On peut ainsi distinguer les rôles principaux dans cette dynamique :

  • L’employeur : architecte du plan, garant du financement collectif
  • Le salarié : acteur de son évolution, initiateur de démarches via le CPF

Ce partage des responsabilités installe une logique de co-construction. Désormais, l’accompagnement de l’évolution professionnelle s’impose à tous, il ne s’agit plus d’une option, mais d’un engagement réciproque.

Obligations légales des employeurs : ce que dit le Code du travail

Oublier la formation professionnelle expose à bien plus qu’une perte de compétitivité : il s’agit d’une obligation formation inscrite noir sur blanc dans le Code du travail. L’employeur doit non seulement veiller à l’adaptation des salariés au poste, mais aussi au maintien de leur capacité à occuper un emploi, même lorsque les repères changent.

L’article L6321-1 du Code du travail précise que chaque salarié doit accéder aux actions de formation nécessaires à l’exercice de ses fonctions, à son évolution ou à sa mobilité interne. Dans les faits, cela couvre : l’intégration des nouveaux arrivants, les formations lors d’un changement d’outils ou de méthode, le suivi de l’évolution du métier, ou encore l’accompagnement à la mobilité interne. Les modalités varient : présentiel, distanciel, formation en situation de travail, ou recours à la validation des acquis de l’expérience.

Pour ne rien laisser au hasard, l’employeur doit anticiper, recenser les besoins et formaliser tout cela dans un plan de développement des compétences. Ce plan, présenté au conseil social et économique, fixe les étapes, les bénéficiaires, les objectifs et le calendrier des actions de formation.

Négliger ces obligations ouvre la porte à des sanctions : procédures prud’homales, versement de dommages-intérêts, voire condamnation pour manquement à la protection sociale. L’entretien professionnel, tous les deux ans, sert de point d’étape pour vérifier que chaque salarié suit le bon parcours. Enfin, la remise d’une attestation de formation vient sceller l’engagement de l’entreprise et son respect du contrat de travail.

Formateur guidant un groupe lors d

Dans quels cas l’employeur peut-il imposer une formation à ses salariés ?

Il arrive que la formation professionnelle devienne non négociable. Plusieurs circonstances obligent l’employeur à notifier explicitement les salariés concernés. Ce principe découle d’un impératif : garantir l’adaptation des salariés à leur poste, en particulier lorsque les métiers, les outils ou l’organisation connaissent un bouleversement. Face à une réorganisation ou à l’introduction de nouvelles technologies, l’entreprise doit s’assurer que chacun maîtrise les compétences requises.

Parmi les formations imposées, certaines relèvent de la réglementation pure et simple. La sécurité au travail en est l’exemple le plus frappant. Risques chimiques, manutention, conduite de machines : chaque secteur est encadré par des règles précises, obligeant l’employeur à organiser des sessions pour prévenir les incidents et préserver la santé des salariés. Ces formations, réalisées sur le temps de travail, ne peuvent être déclinées par l’employé.

Un autre contexte s’impose : le reclassement. Après une inaptitude médicale, une réorganisation ou la suppression d’un poste, l’entreprise propose une formation d’adaptation destinée à permettre au salarié de rebondir. Ici encore, le maintien dans l’emploi passe par la participation à ces sessions, intégrées au plan de développement des compétences.

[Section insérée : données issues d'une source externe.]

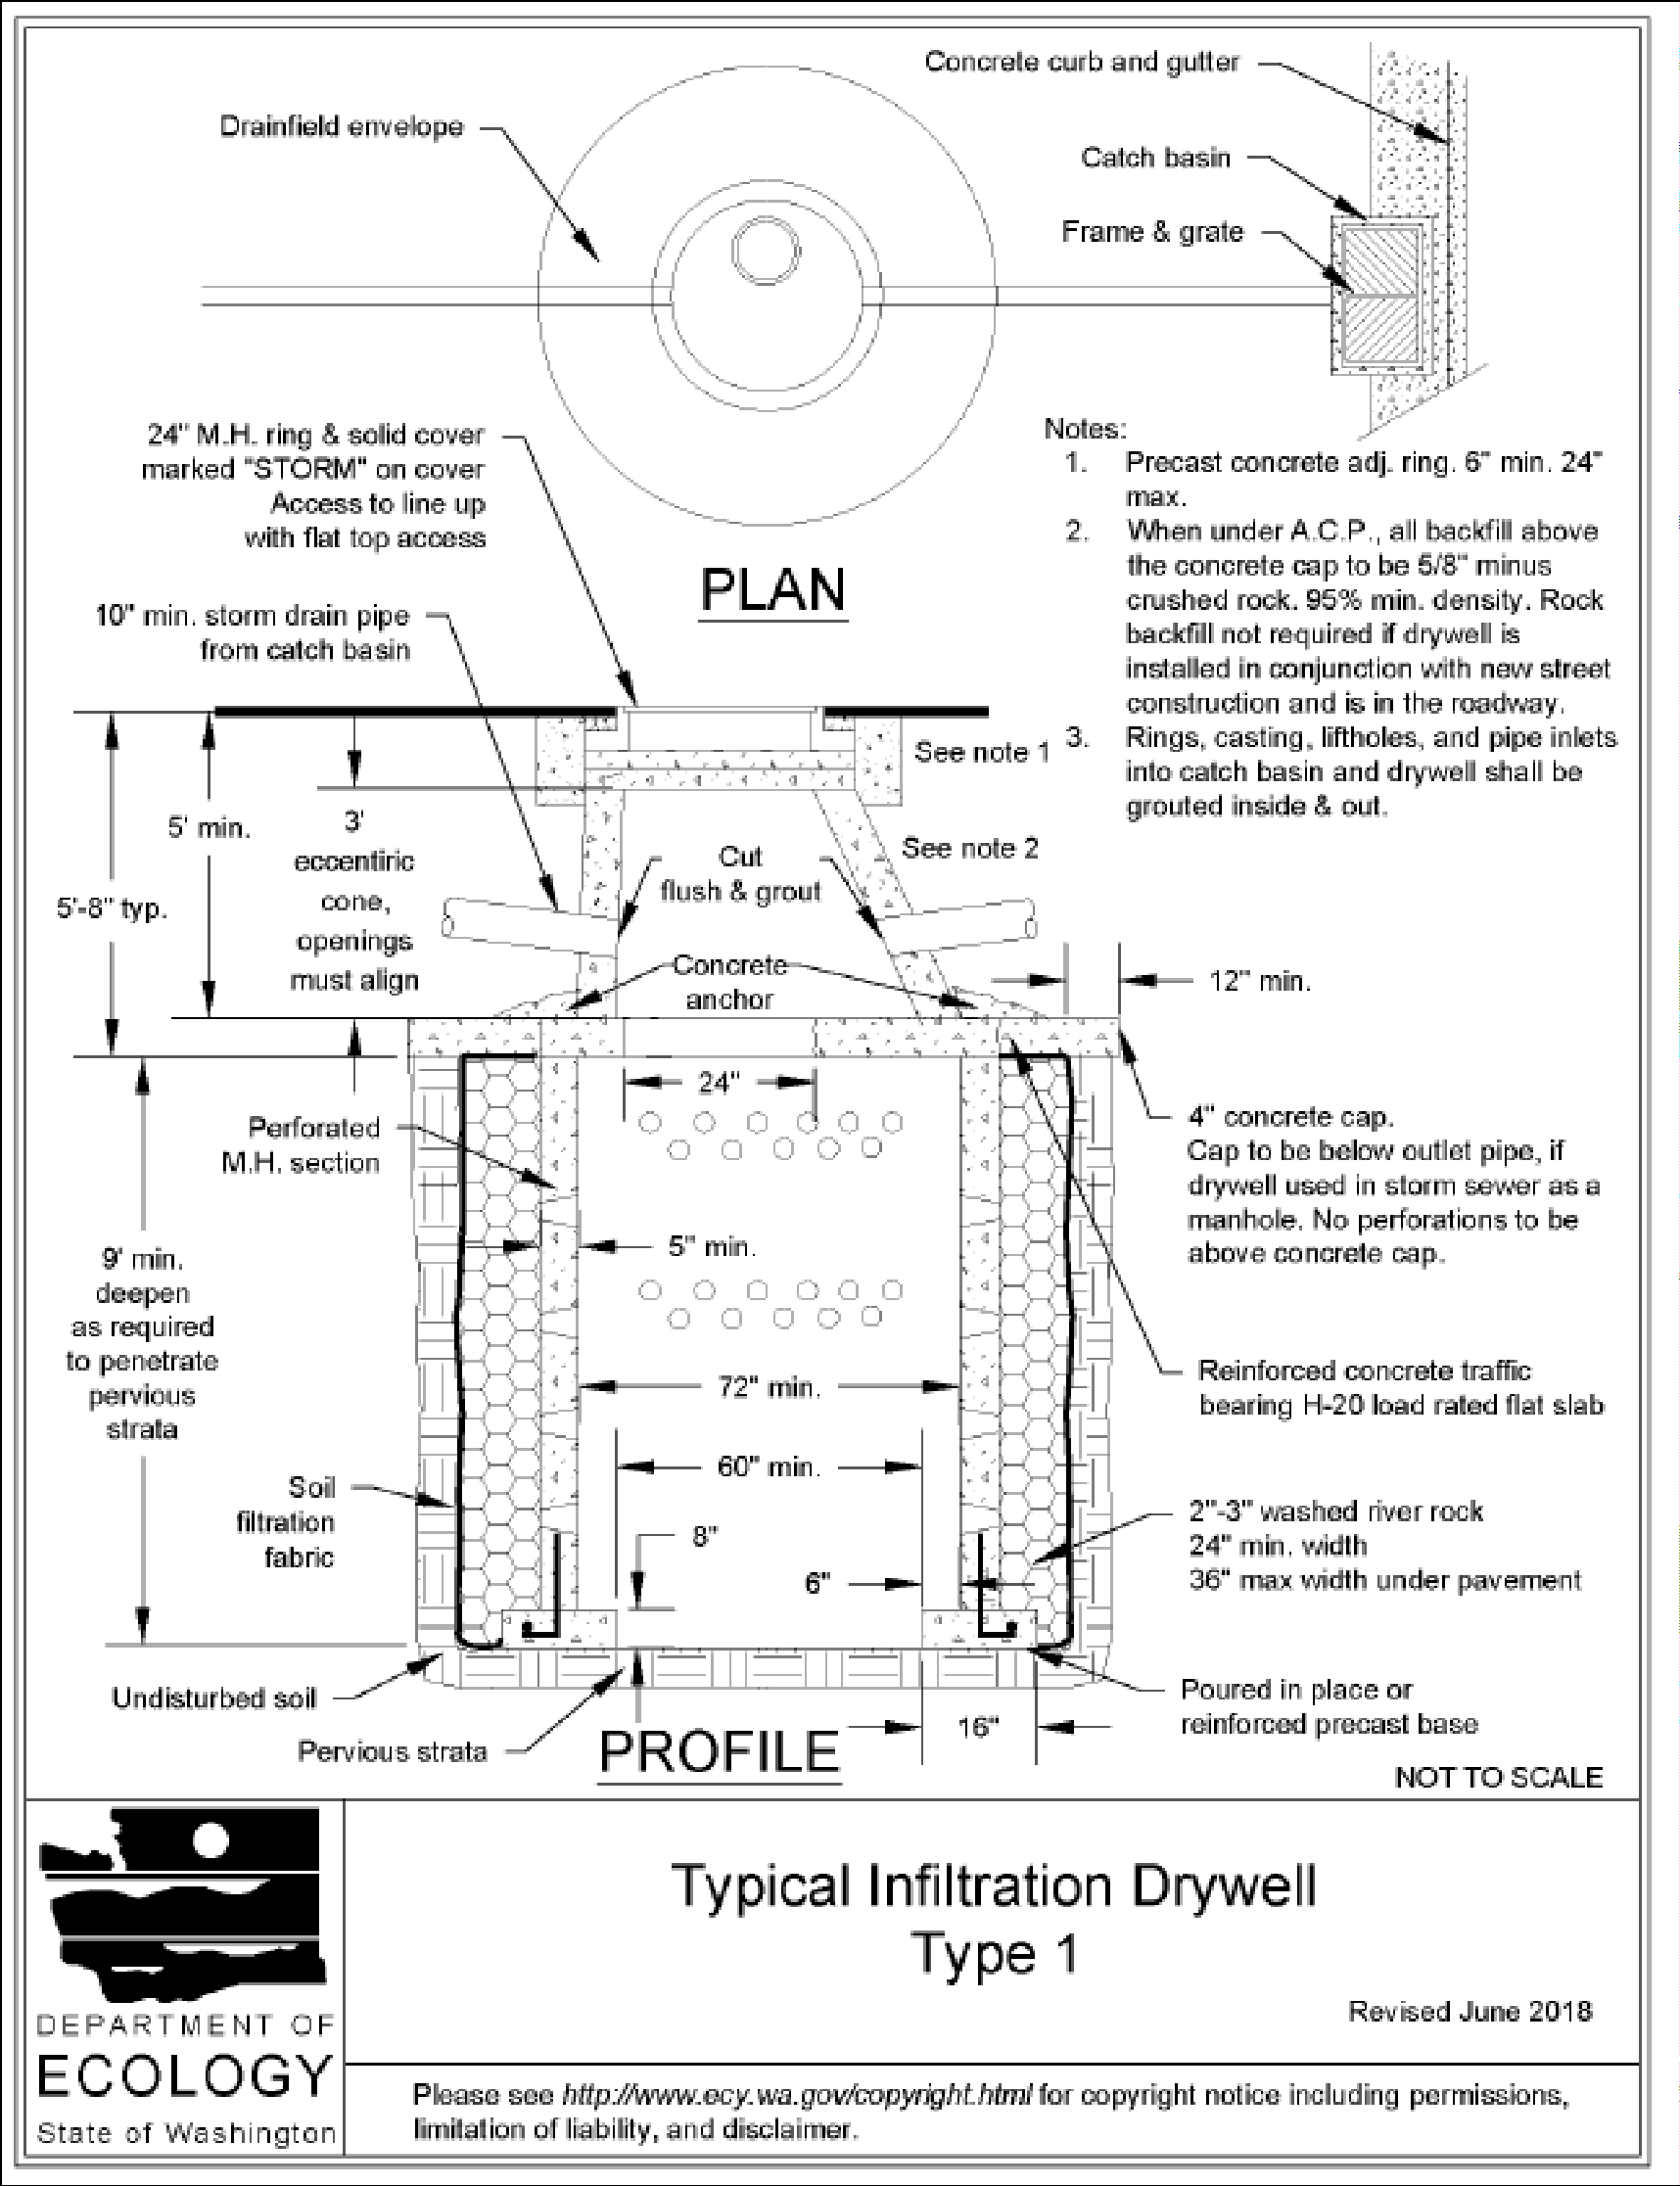 Figure 4-12 Typical Infiltration Drywell Type 1

D’autres dispositifs, comme la validation des acquis de l’expérience (VAE), l’AFEST (formation en situation de travail) ou le bilan de compétences, sont plus rarement imposés sans l’accord du salarié. Ils supposent souvent une démarche partagée, mais la loi peut permettre leur mise en œuvre lors d’une évolution de poste ou d’une mutation professionnelle.

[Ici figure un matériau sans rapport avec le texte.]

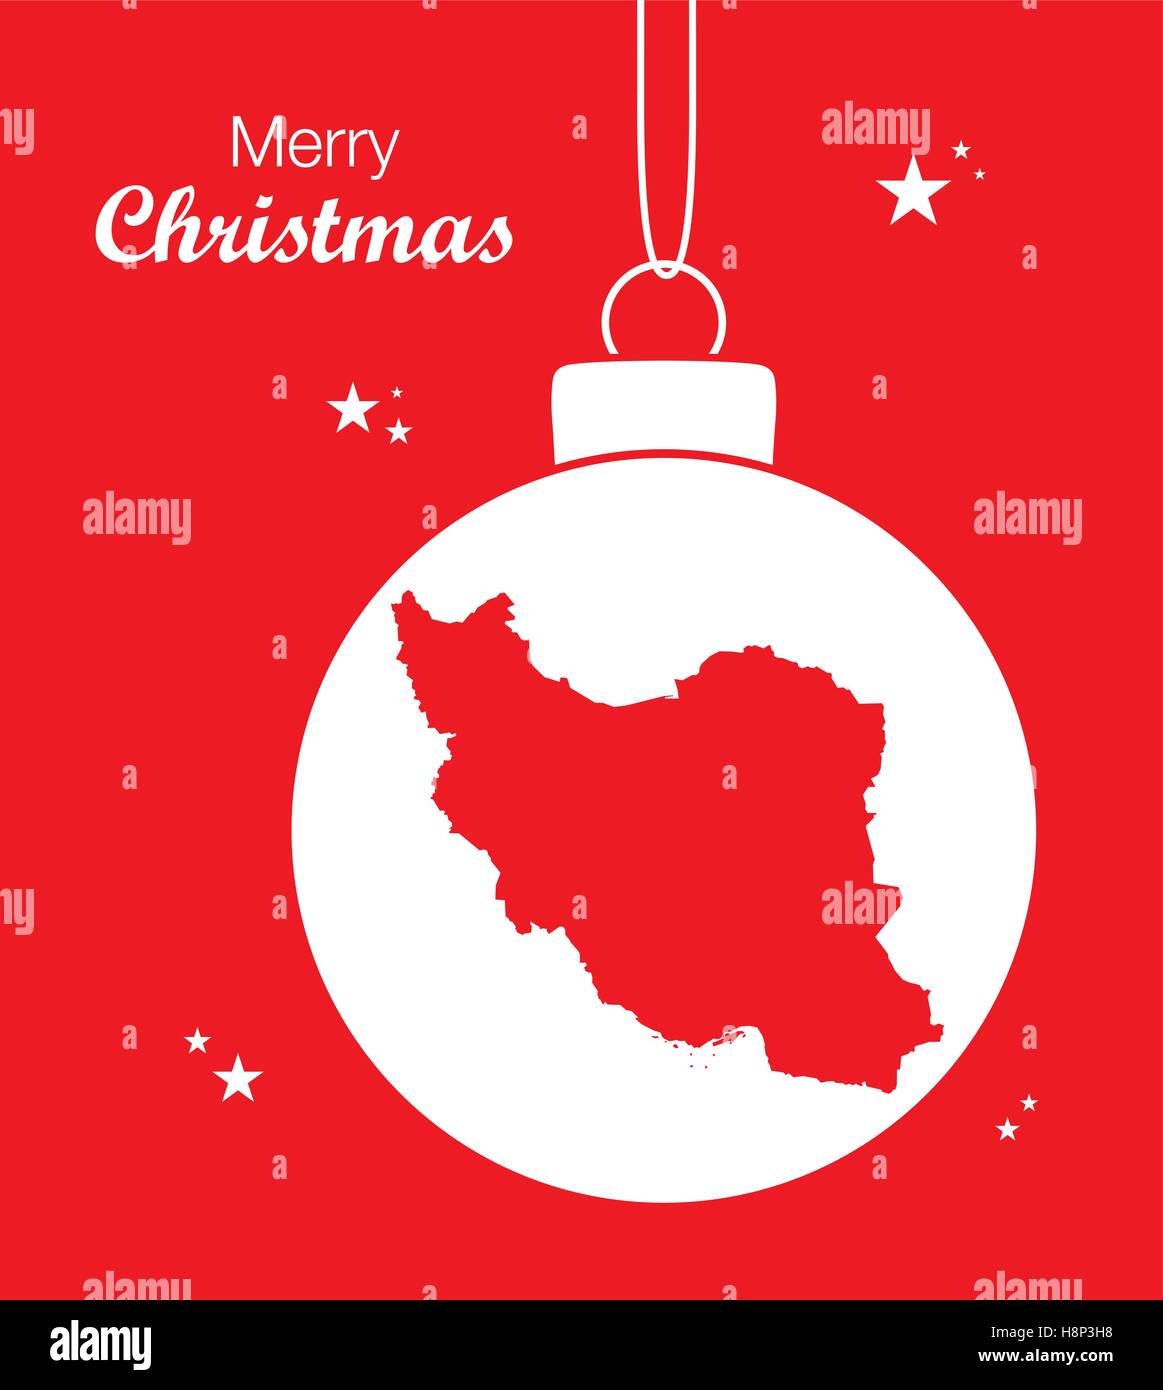 Merry Christmas illustration theme with map of Iran Stock Vector

À l’heure où les métiers se réinventent sans cesse, la question de la formation n’est jamais figée. Elle s’impose, s’adapte, et redessine, pour chaque entreprise et chaque salarié, la frontière entre contrainte et opportunité. La prochaine vague de mutations professionnelles sera-t-elle subie ou maîtrisée ? Le choix se construit, formation après formation.